A new study comparing fees for physician services in the United States with those in five other nations finds that U.S. physicians are paid more per service than doctors in other countries—as much as double in some cases.
According to the Commonwealth Fund–supported study, which appears in the new issue of Health Affairs, U.S. primary care physicians were paid an average of 27 percent more by public payers for an office visit, and 70 percent more by private payers for an office visit, compared with the average amount paid across the other countries, which include Australia, Canada, France, Germany, and the United Kingdom. For hip replacements, the gap was even larger: U.S. physicians received 70 percent more from public payers, and 120 percent more from private payers, than the average fees paid to physicians in the other nations studied.
The researchers, Miriam J. Laugesen, Ph.D., and Sherry A. Glied, Ph.D., who is currently serving as assistant secretary for planning and evaluation at the U.S. Department of Health and Human Services, say that higher prices paid to physicians were the main drivers of higher spending on physicians in the U.S., rather than physician practice expenses or the costs of medical education.
New Way of Paying Physicians Shows Promise
Also in the new issue of Health Affairs, researchers report on a new alternative to fee-for-service payment being tried by Blue Cross Blue Shield of Massachusetts.

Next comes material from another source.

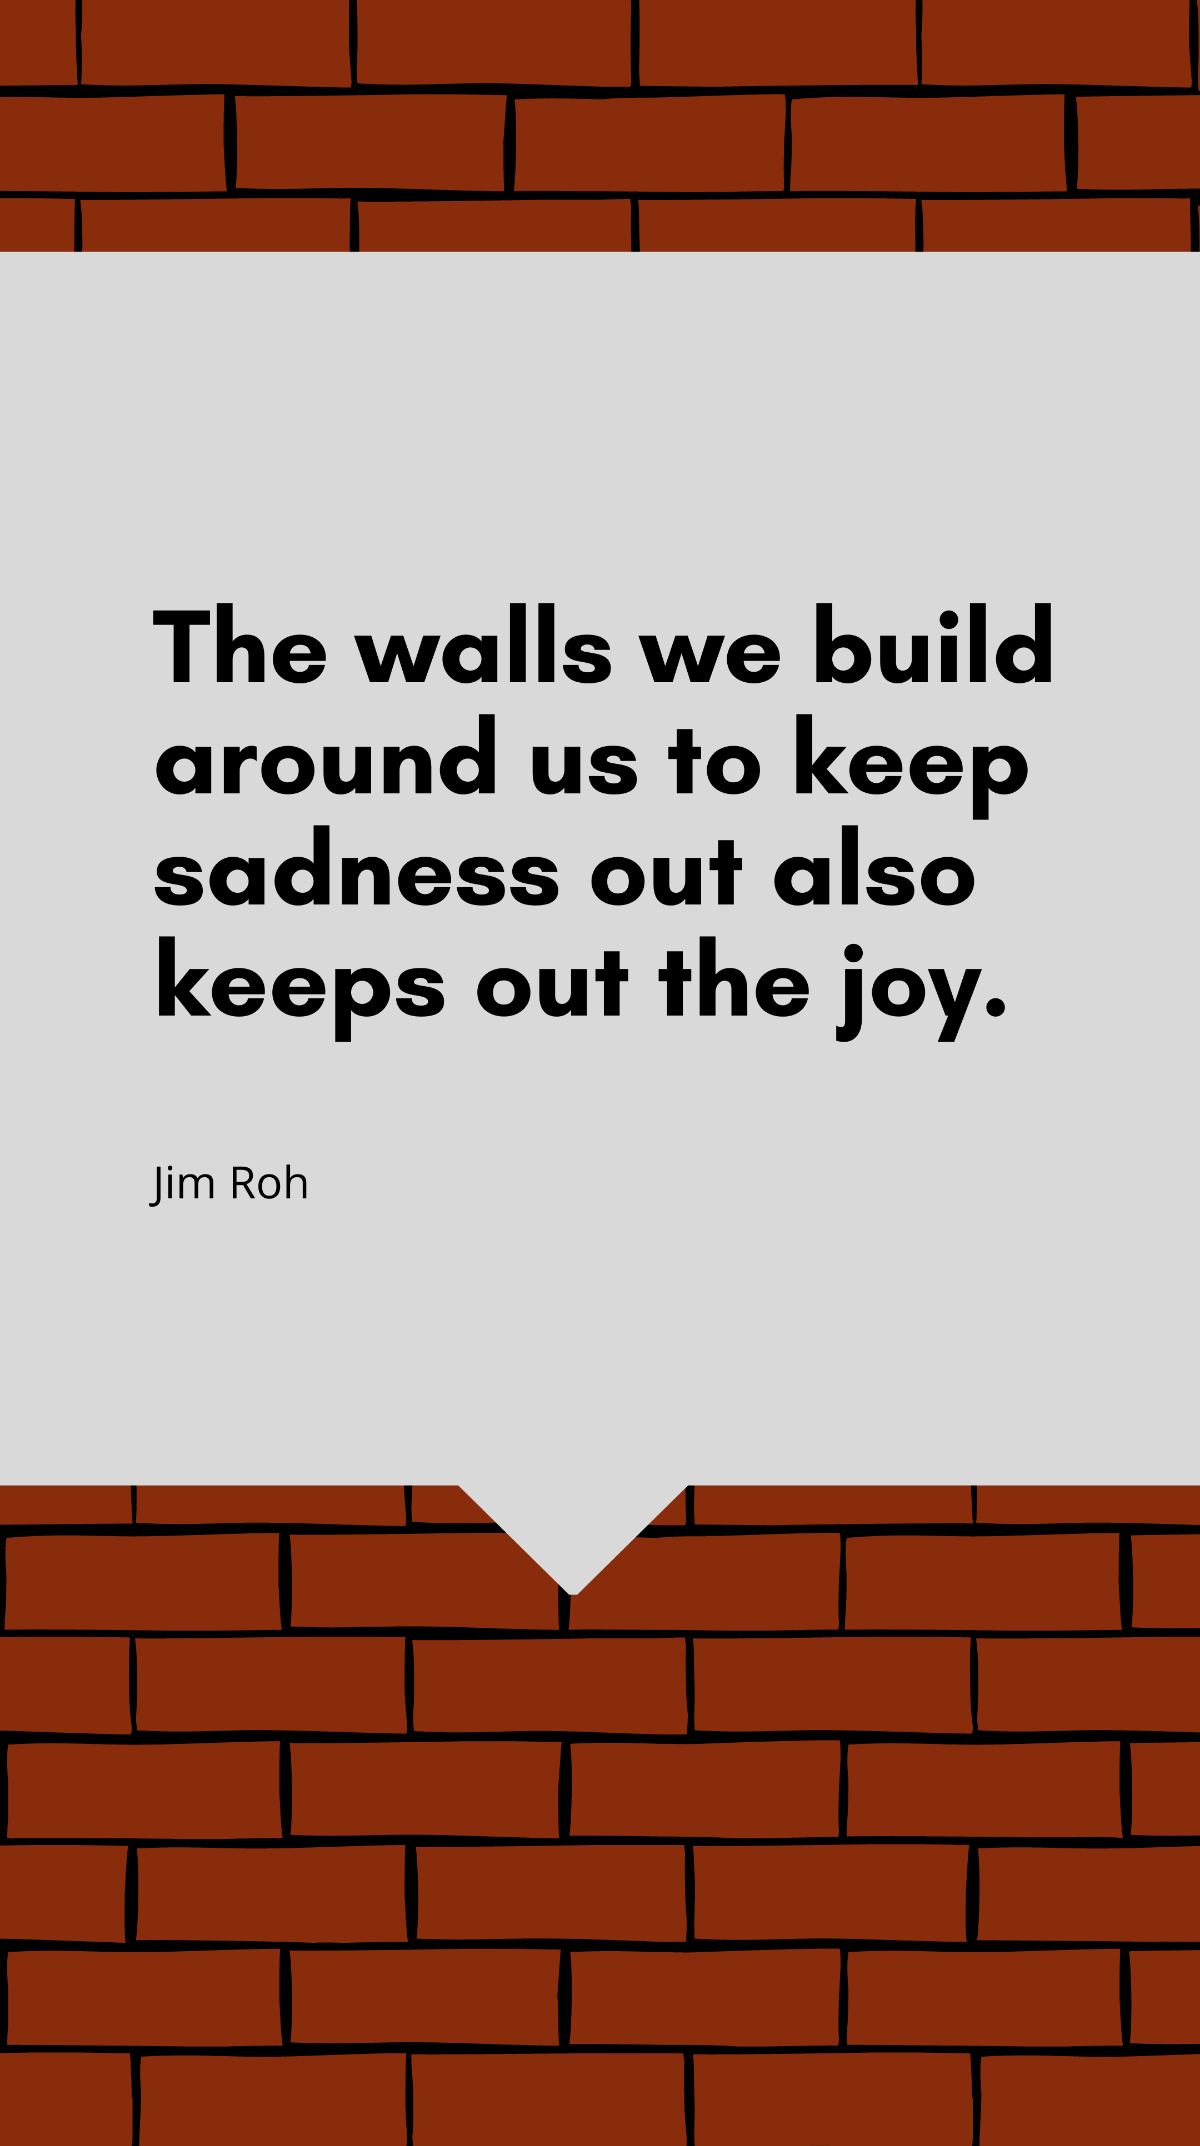 Jim Roh - The walls we build around us to keep sadness out also keeps out the joy. Template

As of 2009, health care providers that participate in the Alternative Quality Contract (AQC) receive fixed payments for patient care, plus rewards based on savings generated and performance targets reached.
The AQC gives provider groups a global budget to cover the cost of delivering care to a defined group of patients and allows those groups that control costs to recoup savings. The authors of the Commonwealth Fund–supported study, who include Robert E. Mechanic, M.B.A., of Brandeis University and Michael Chernew, Ph.D., professor at Harvard Medical School and member of The Commonwealth Fund Commission on a High Performance Health System, say that groups in the AQC have been able to slow their health care spending growth and have begun to focus more on quality improvement, reduce their use of expensive sites of care, and coordinate services for high-risk patients.
Although early results suggest financial incentives tied to quality improvement and efficiency can help reduce spending growth, the researchers note that such savings require a multiyear investment by insurers in technical resources and analytic tools, as well as substantial financial incentives.